DATA FOR ANALYSIS >>
----------------
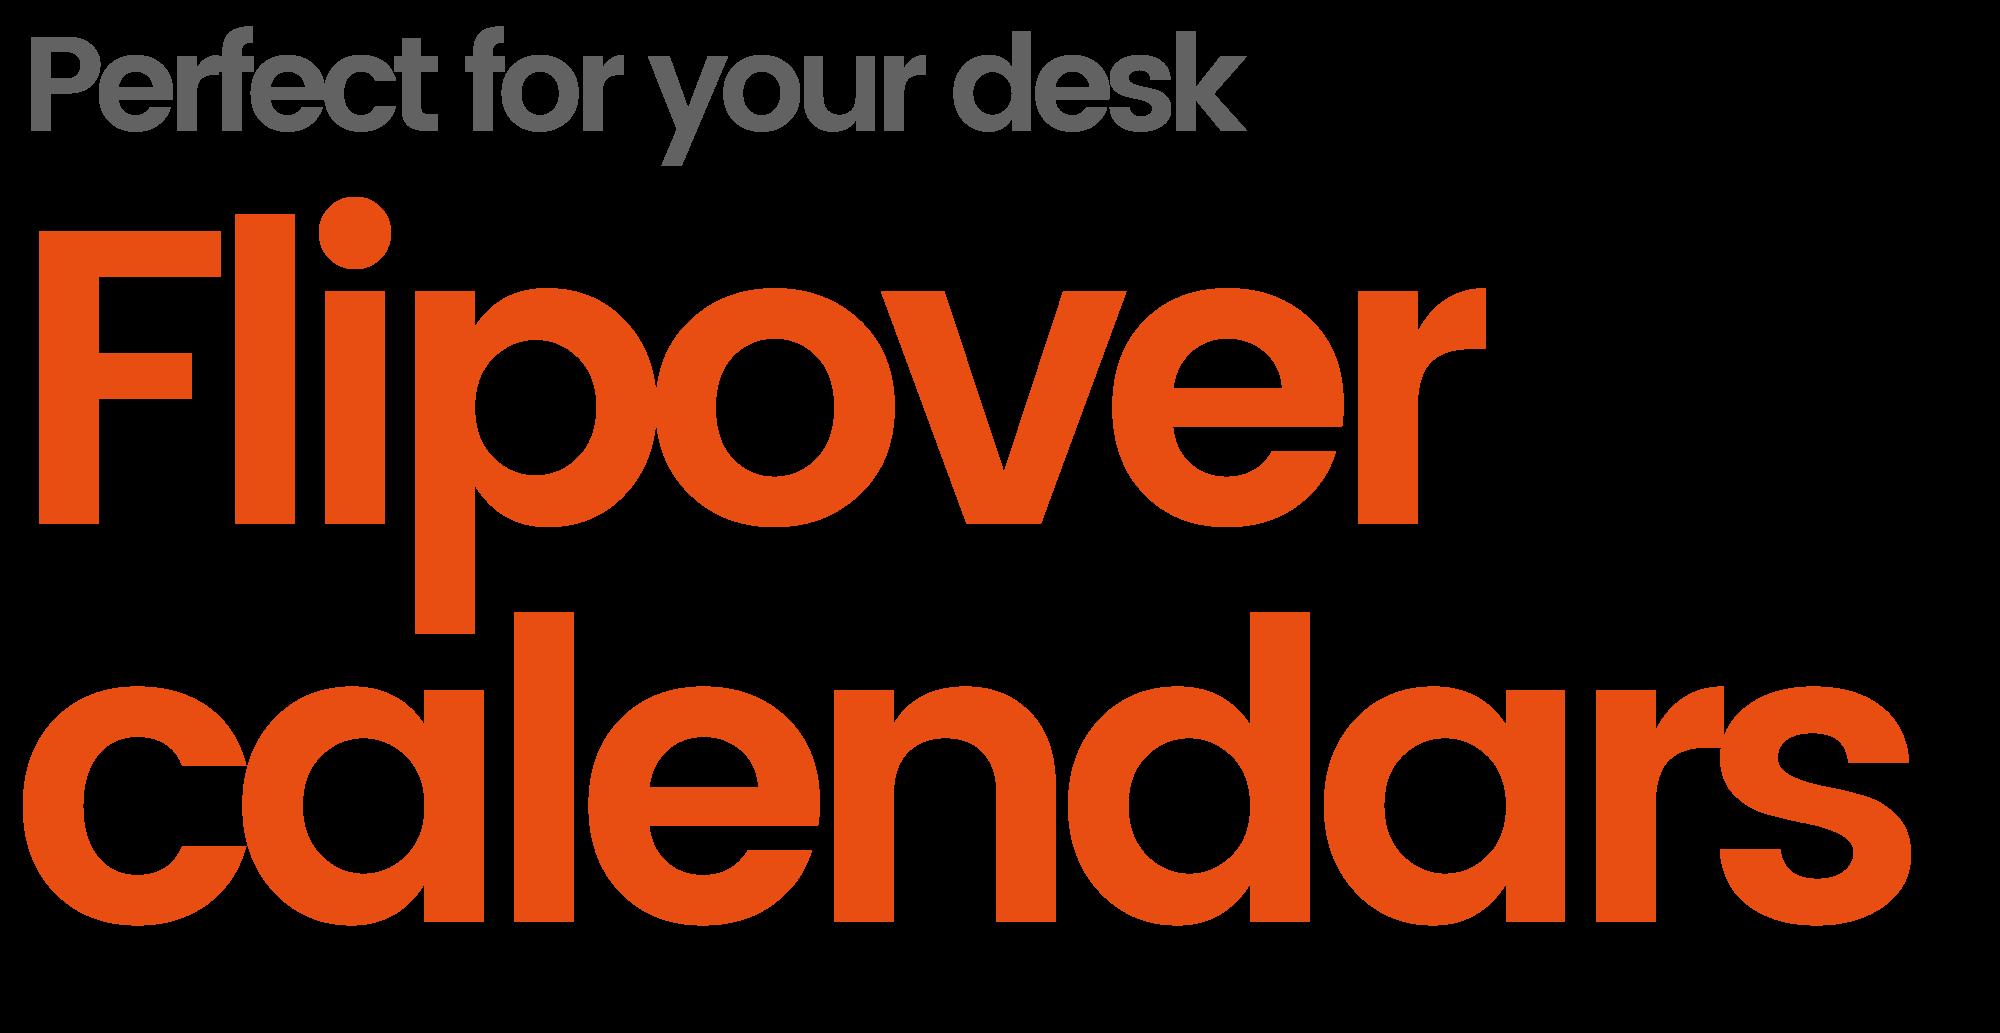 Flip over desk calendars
----------------
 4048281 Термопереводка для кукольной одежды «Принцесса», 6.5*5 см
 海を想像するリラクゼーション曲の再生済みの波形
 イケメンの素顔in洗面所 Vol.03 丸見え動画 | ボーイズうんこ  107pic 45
----------------
WORK INSTRUCTION >>
Transcribe, exactly and without additions, the lines of the records above, beginning with the line that contains "4048281 Термопереводка для" and ending with the line that contains "イケメンの素顔in洗面所 Vol.03 丸見え動画", both included.

TASK SOLUTION >>
 4048281 Термопереводка для кукольной одежды «Принцесса», 6.5*5 см
 海を想像するリラクゼーション曲の再生済みの波形
 イケメンの素顔in洗面所 Vol.03 丸見え動画 | ボーイズうんこ  107pic 45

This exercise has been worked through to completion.